Let's display the inner city of Budapest in a Jupyter Notebook!

In [None]:
folium.Map(location=[47.5,19.05],zoom_start=13)

The map used the tiles of the openstreetmap.org freely available database. There are many other options depending on our aims, see https://deparkes.co.uk/2016/06/10/folium-map-tiles/. A rather artistic approach for example is:

In [None]:
folium.Map(location=[47.5,19.05],zoom_start=13,tiles='stamenwatercolor')

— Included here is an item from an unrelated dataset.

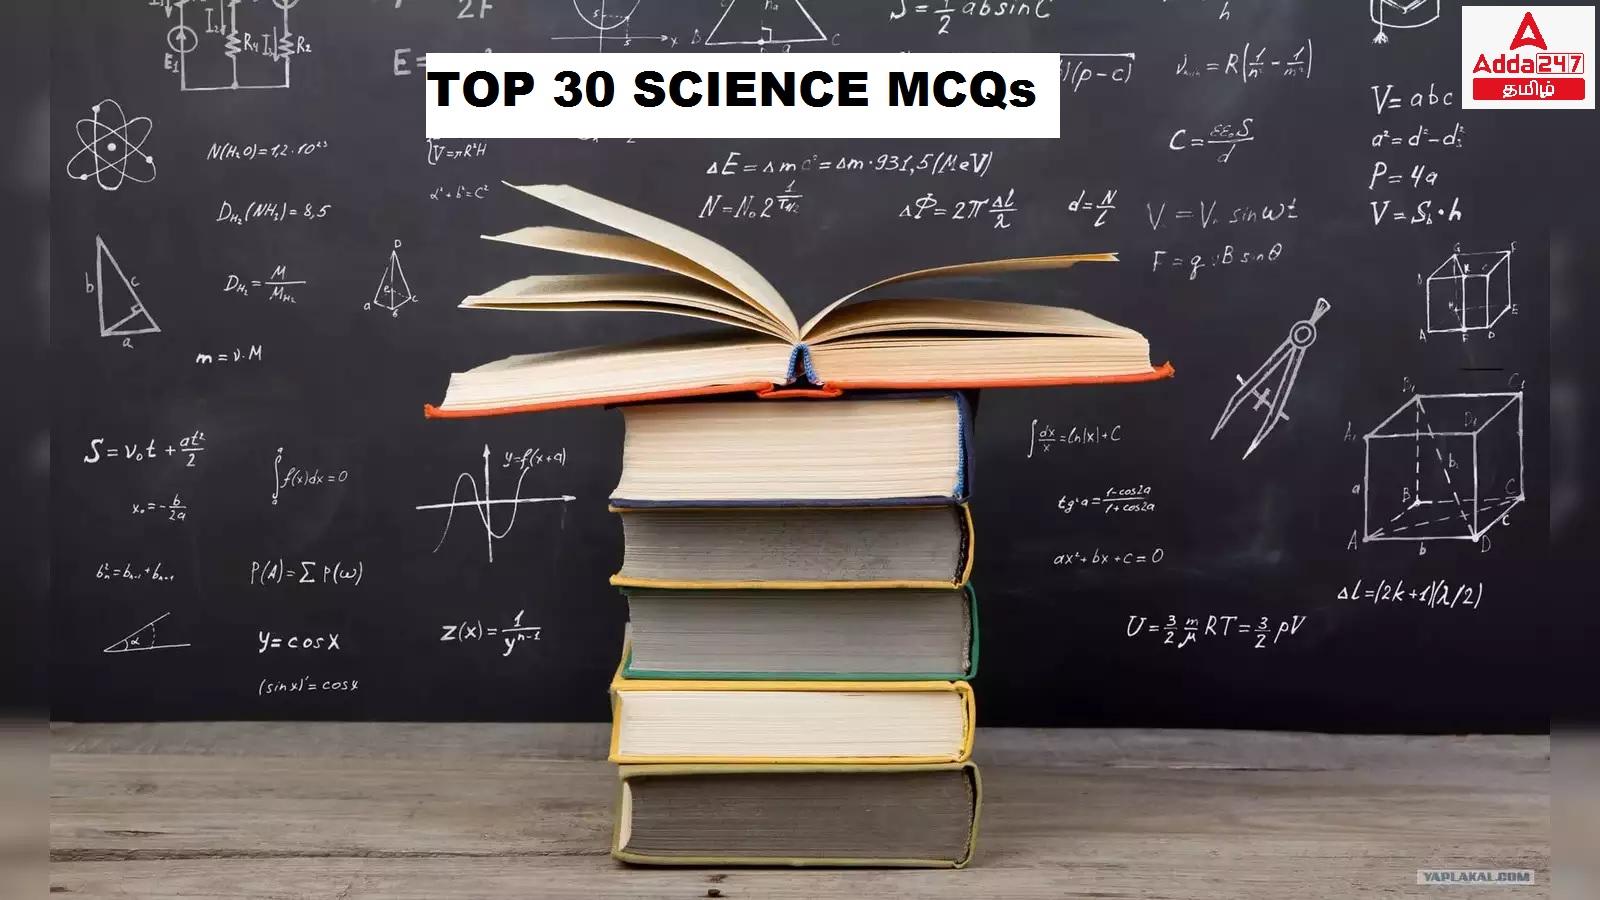 Top 30 Science MCQs
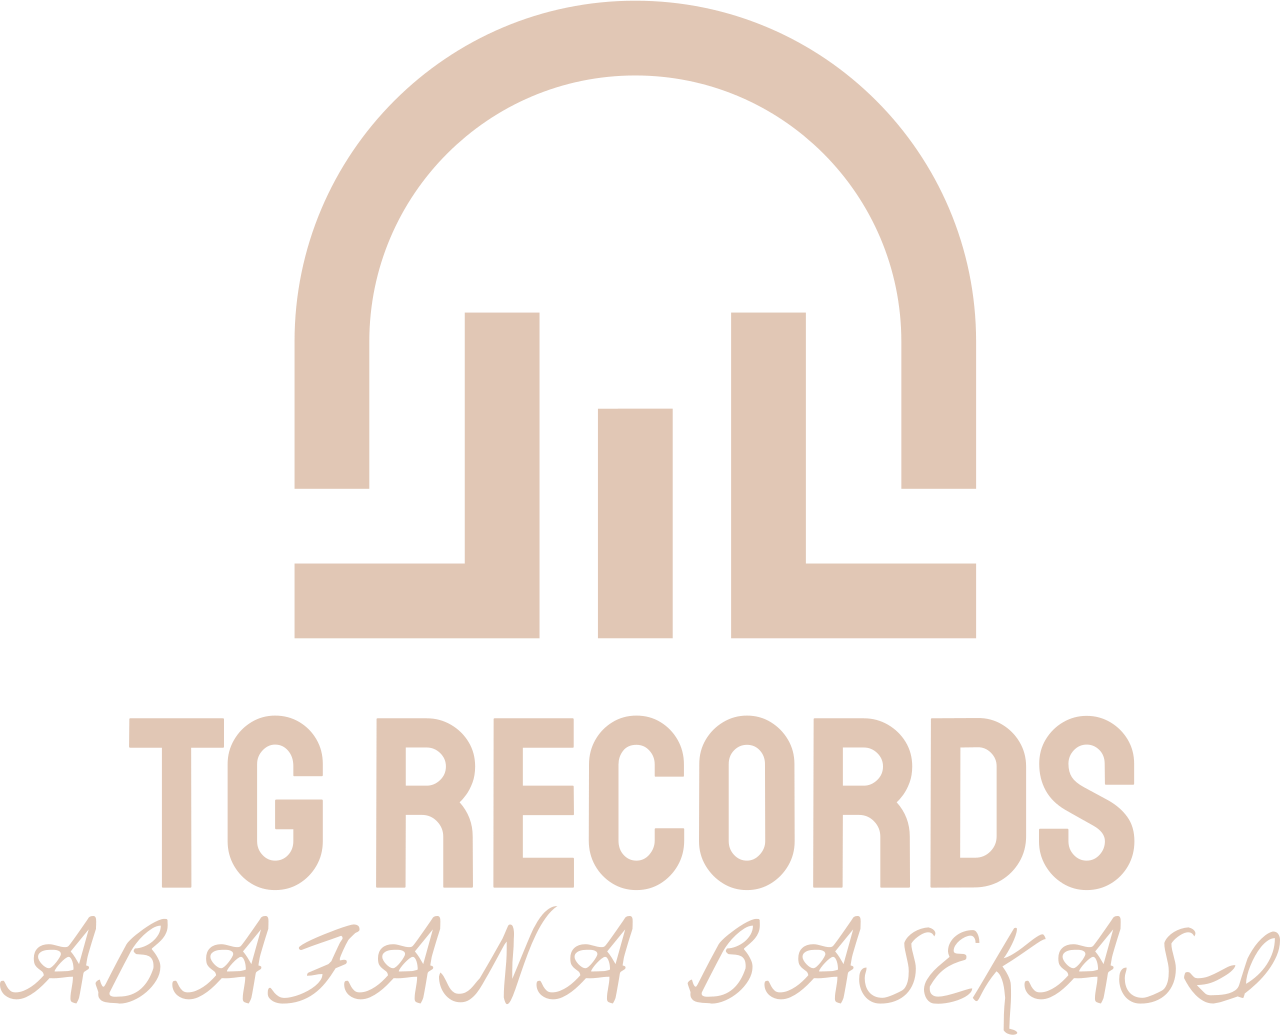 TG RECORDS's logo

Let's stick to a more scientific version, and let's add some useful objects to our map!

In [None]:
mymap = folium.Map(location=[47.5,19.05],zoom_start=13,tiles='cartodbpositron')
marker = folium.Marker(location=[47.47,19.06],popup='ELTE')
marker.add_to(mymap)
mymap

In [None]:
mymap = folium.Map(location=[47.5,19.05],zoom_start=13,tiles='cartodbpositron')
marker = folium.Marker(location=[47.47,19.06],popup='ELTE')
mymap.add_child(marker)

Which coordinate reference system does our map use? https://epsg.io/3857

In [None]:
mymap.crs

In [None]:
mymap.get_bounds()

In [None]:
mymap.fit_bounds(mymap.get_bounds())
mymap

## Geopandas

The ultimate tool to read almost any kind of geographical data is GeoPandas.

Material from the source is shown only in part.